## SUPPLIED INFORMATION
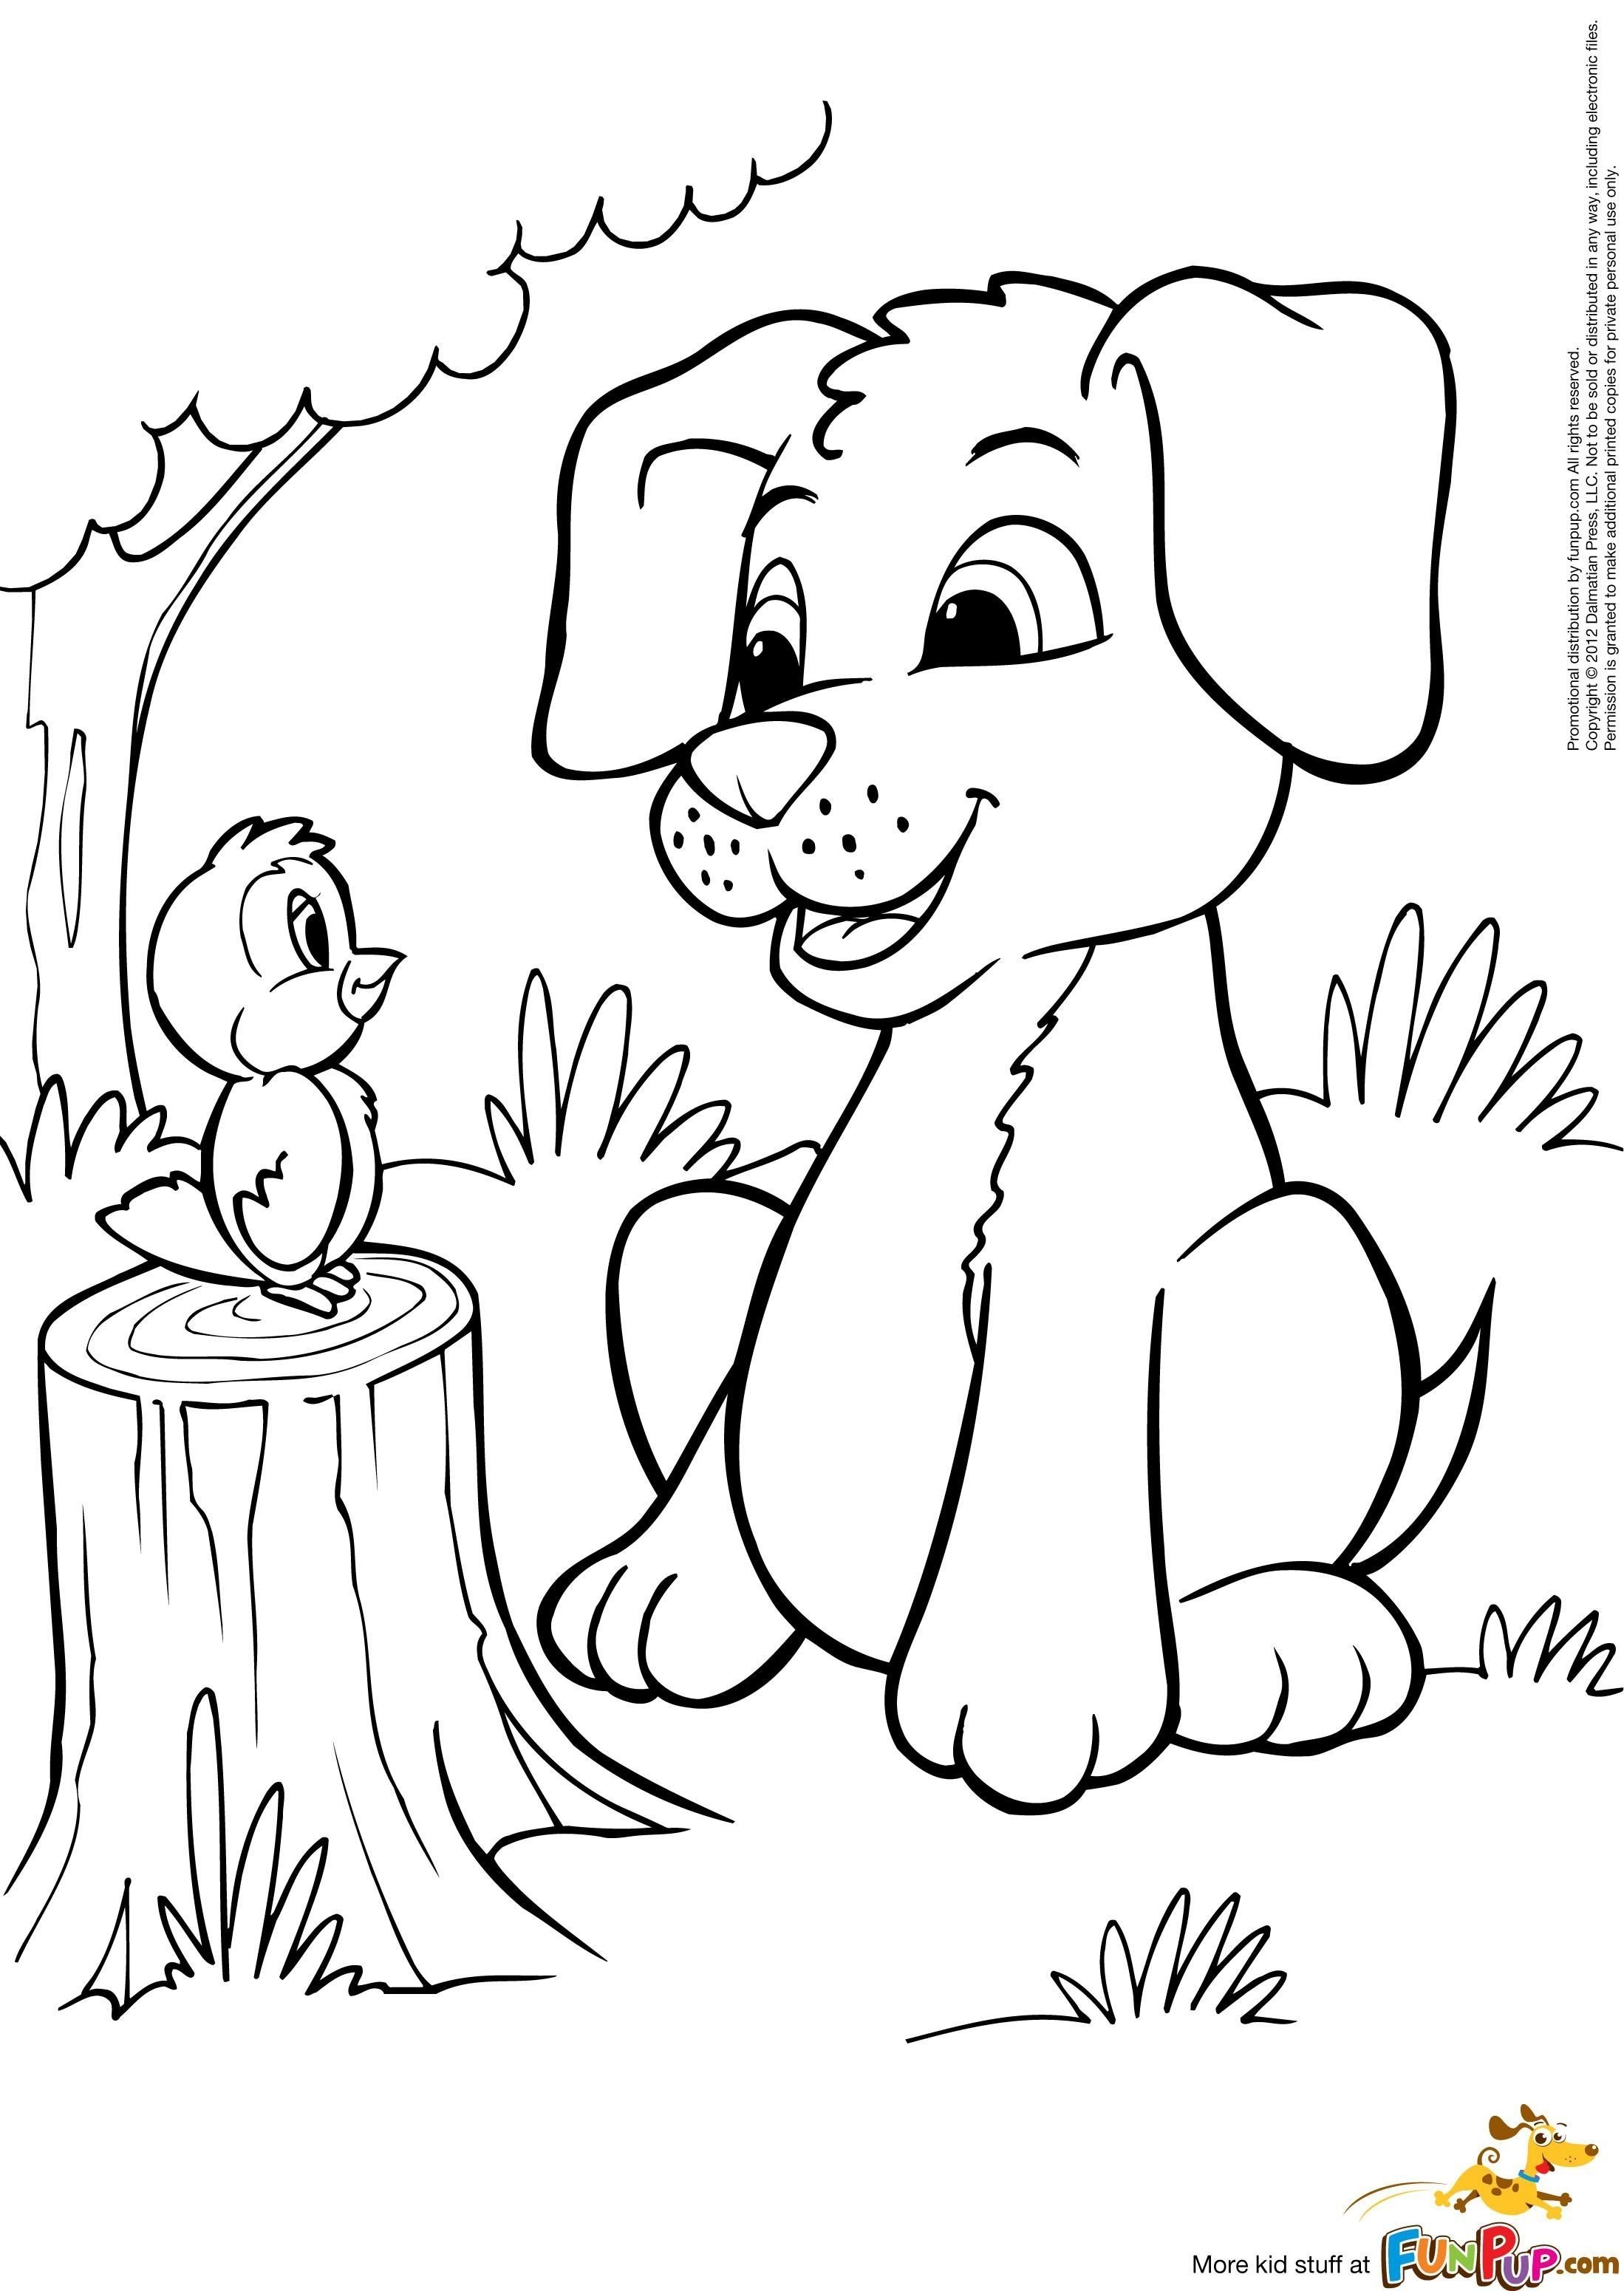 Annabelle Coloring Pages at GetColorings.com | Free ...
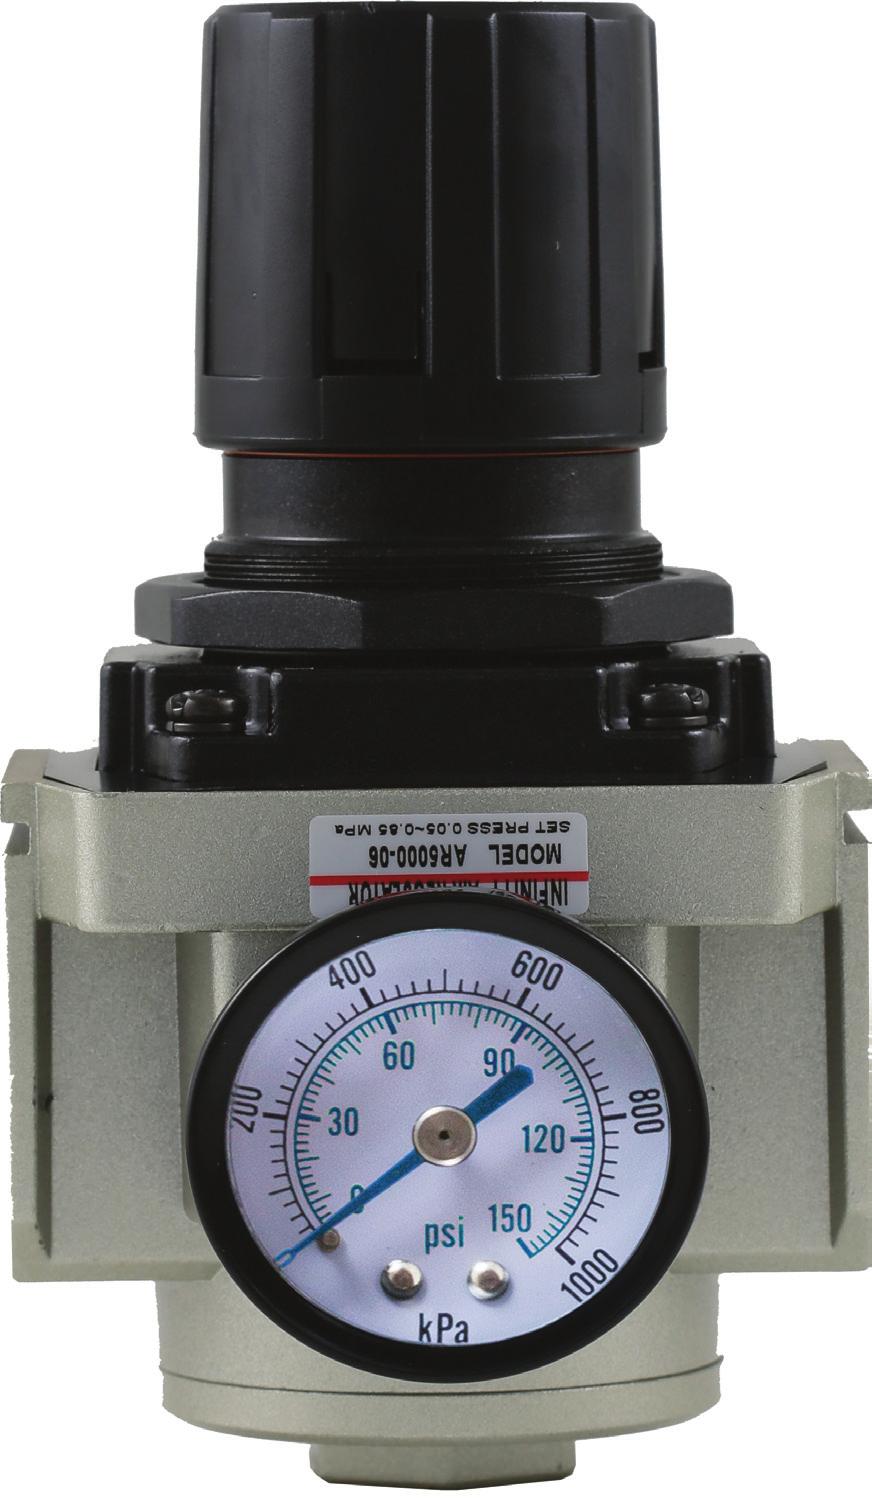 AR REGULATOR AR Regulator The series AR modular style regulator is a cost effective solution to complement your filtration system, ensuring steady pressure operation.
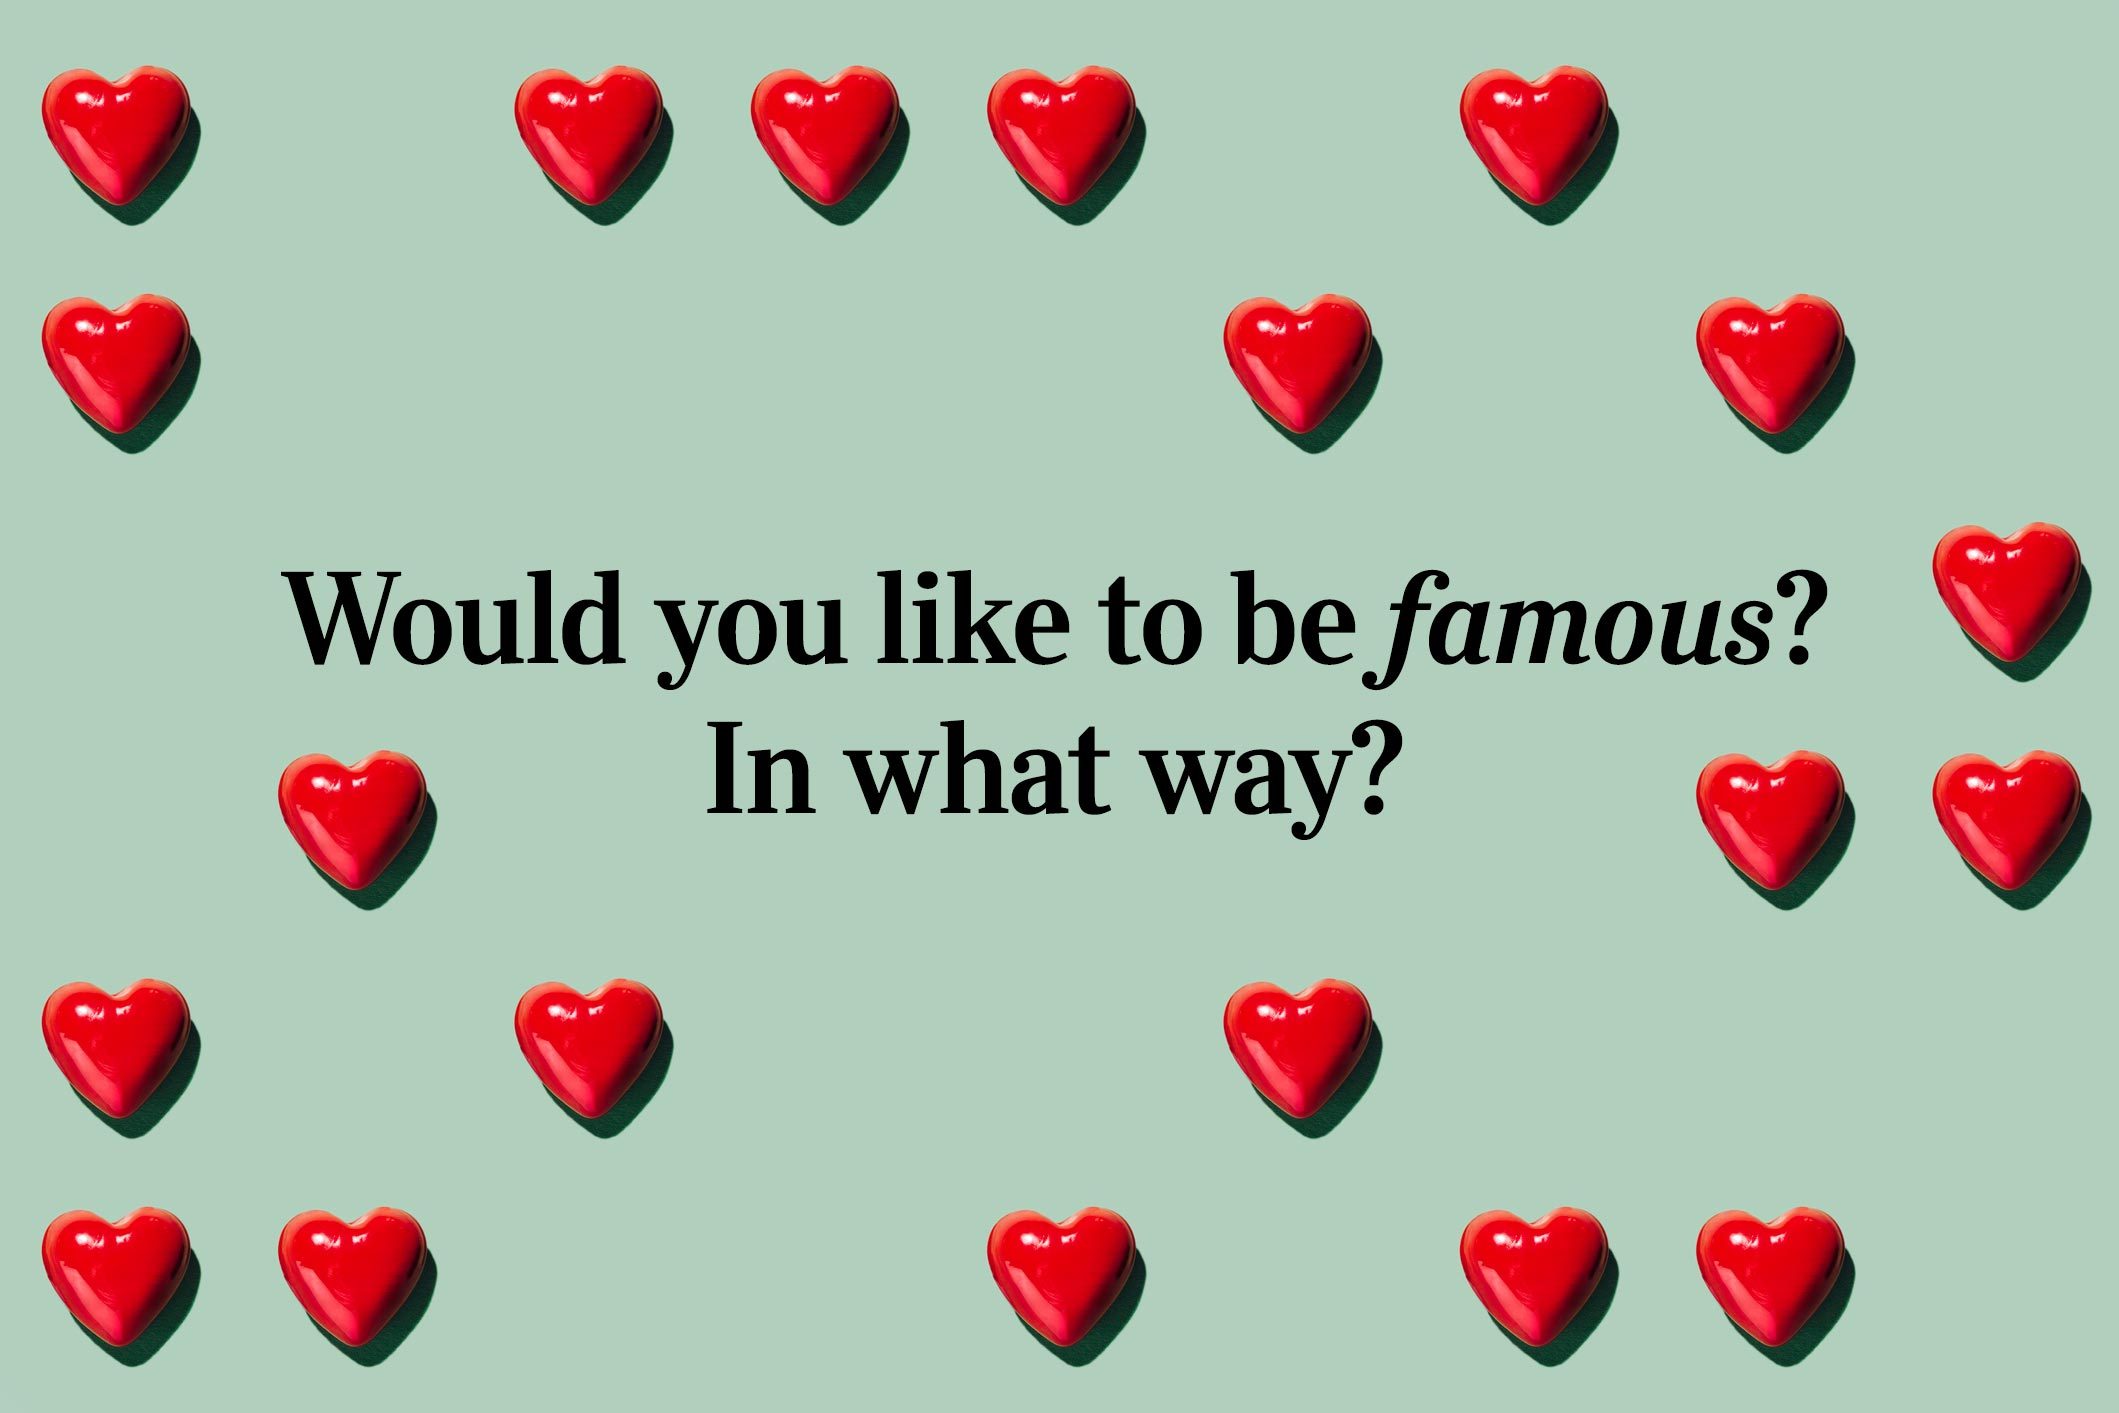 <p>Would you like to be famous? In what way?</p> <p>Don't forget to check out some of our favorite <a href="https://www.rd.com/article/quotes-from-famous-people/">quotes from famous people</a>, by the way.</p>

## TASK REQUIREMENTS
What is needed is a word-for-word copy of the data above, free of any images.

## ANSWER
 Annabelle Coloring Pages at GetColorings.com | Free ...
 AR REGULATOR AR Regulator The series AR modular style regulator is a cost effective solution to complement your filtration system, ensuring steady pressure operation.
 <p>Would you like to be famous? In what way?</p> <p>Don't forget to check out some of our favorite <a href="https://www.rd.com/article/quotes-from-famous-people/">quotes from famous people</a>, by the way.</p>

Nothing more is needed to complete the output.